*Activity*. Could you give the data that follows again exactly, without its pictures?

*Data provided*.
========================================================================

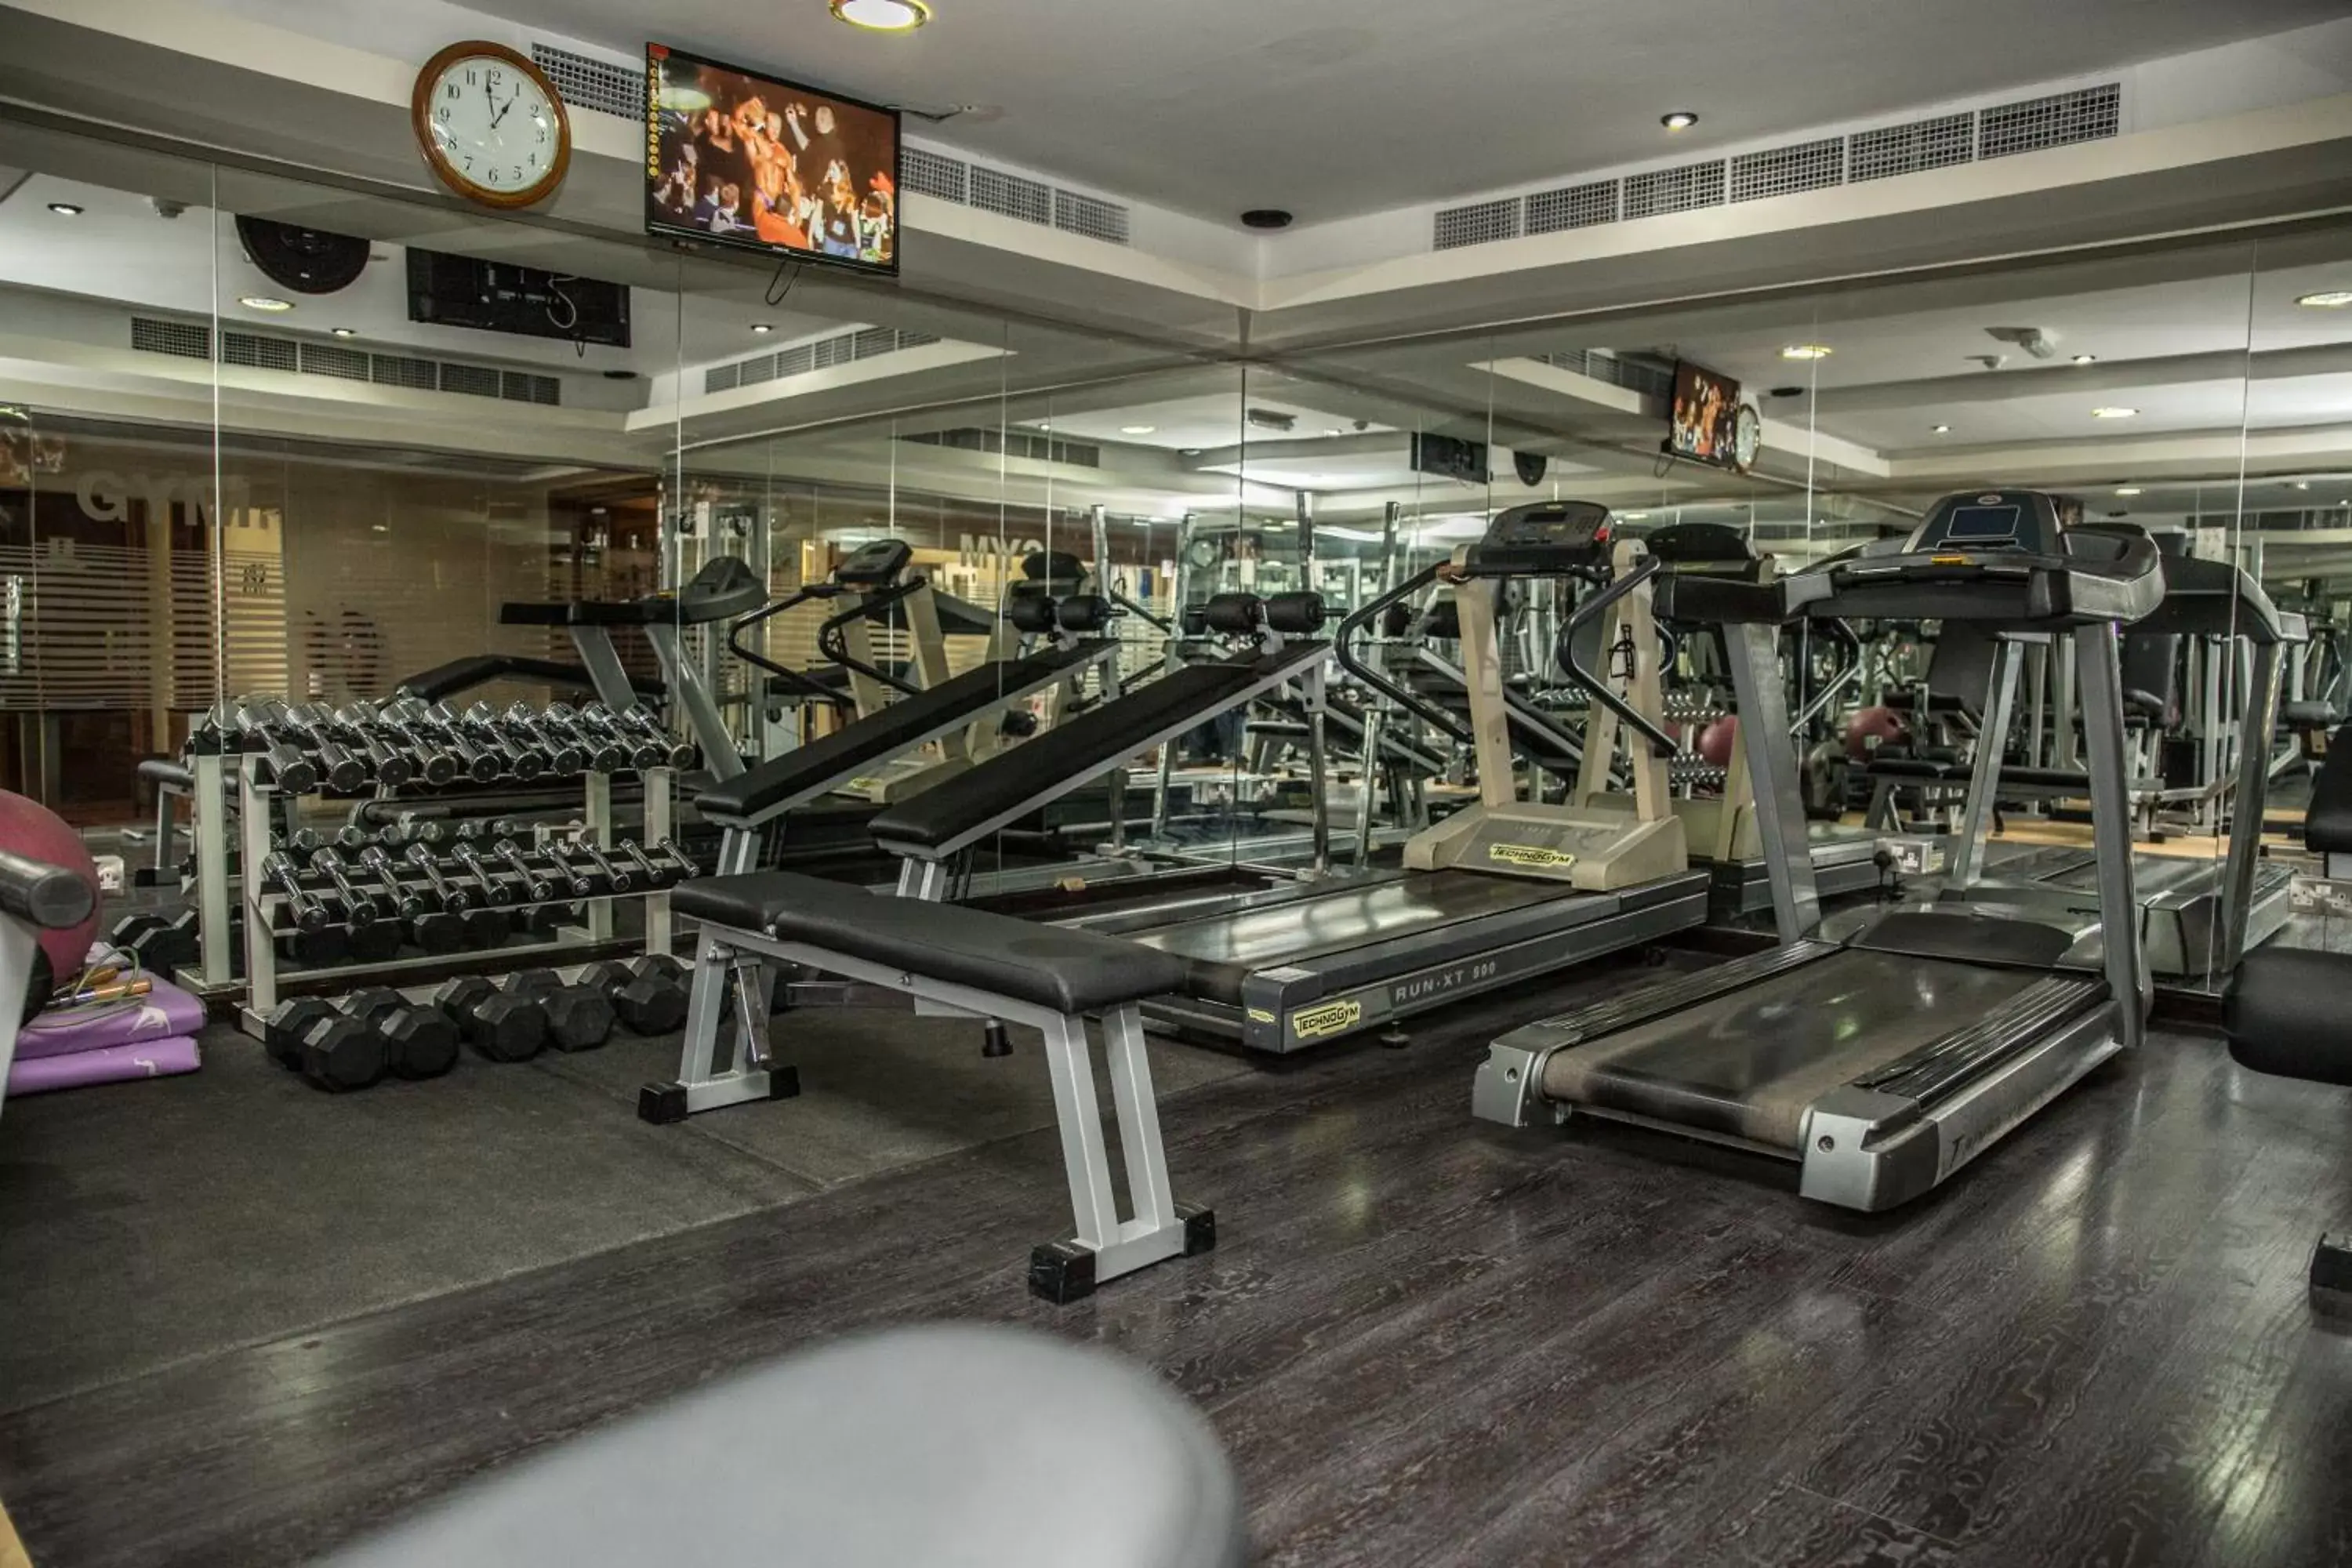 Fitness centre/facilities, Fitness Center/Facilities in Saffron Boutique Hotel
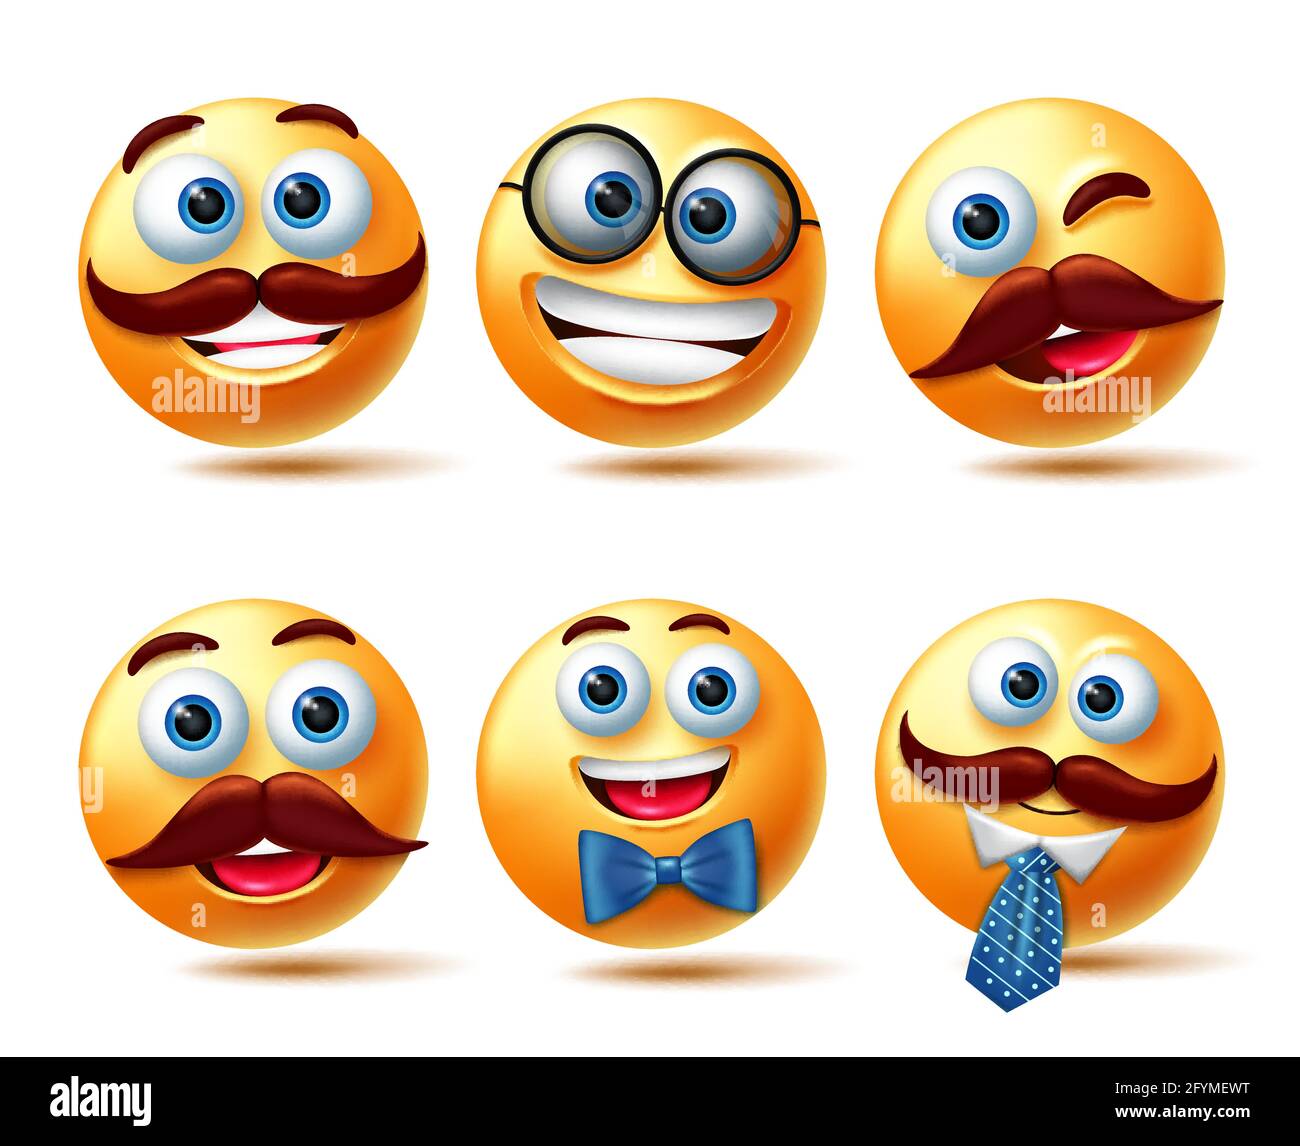 Set di vettori emoticon Smileys. Emoticon personaggi smiley 3d in Happy, smirk, teary eyed e confondere espressione per la collezione di personaggi emoticon. Illustrazione Vettoriale
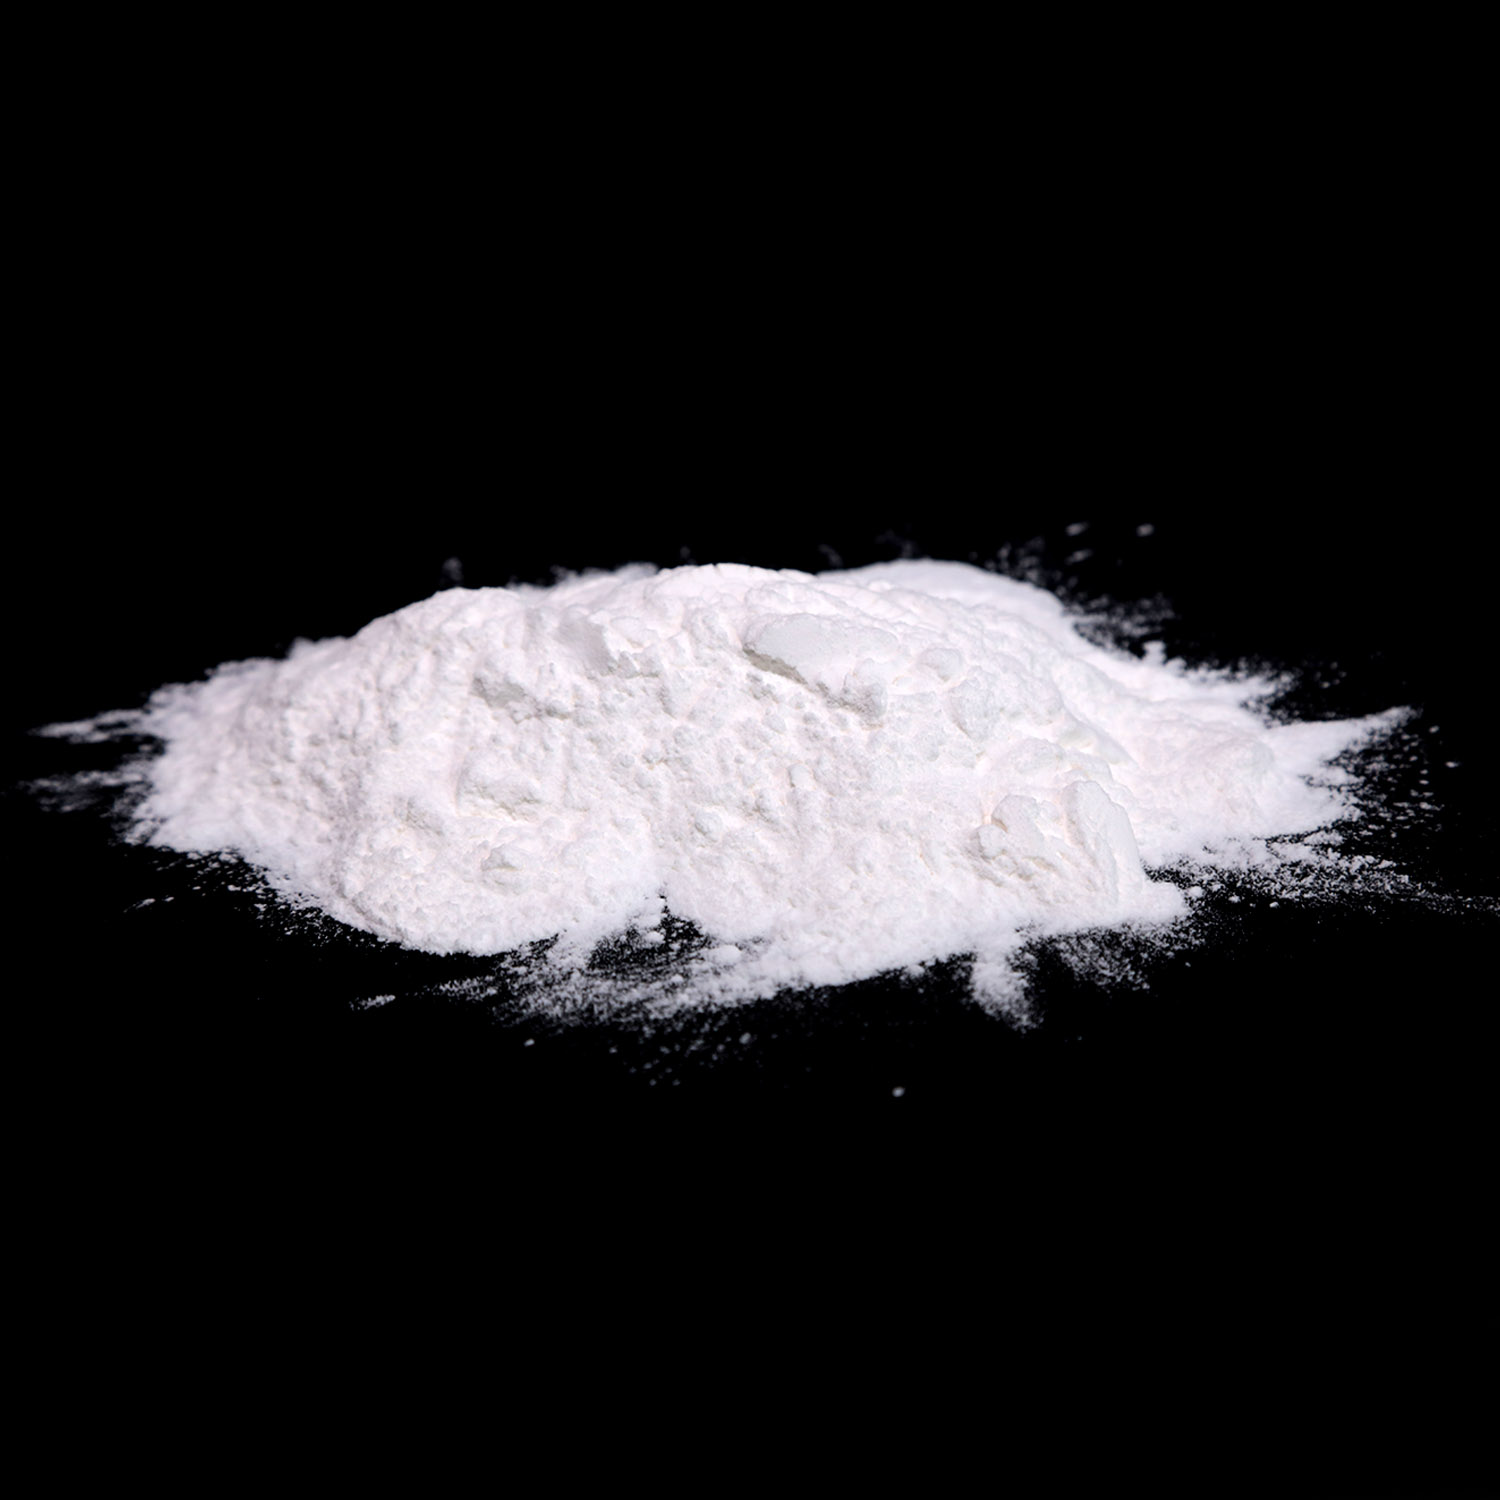 Producto de alta calidad del intermedio farmacéutico 2- (2-clorofenil) -2-nitrociclohexanona CAS 2079878-75-2 con buen precio Alta pureza

========================================================================

*Result of the exercise*.
 Fitness centre/facilities, Fitness Center/Facilities in Saffron Boutique Hotel
 Set di vettori emoticon Smileys. Emoticon personaggi smiley 3d in Happy, smirk, teary eyed e confondere espressione per la collezione di personaggi emoticon. Illustrazione Vettoriale
 Producto de alta calidad del intermedio farmacéutico 2- (2-clorofenil) -2-nitrociclohexanona CAS 2079878-75-2 con buen precio Alta pureza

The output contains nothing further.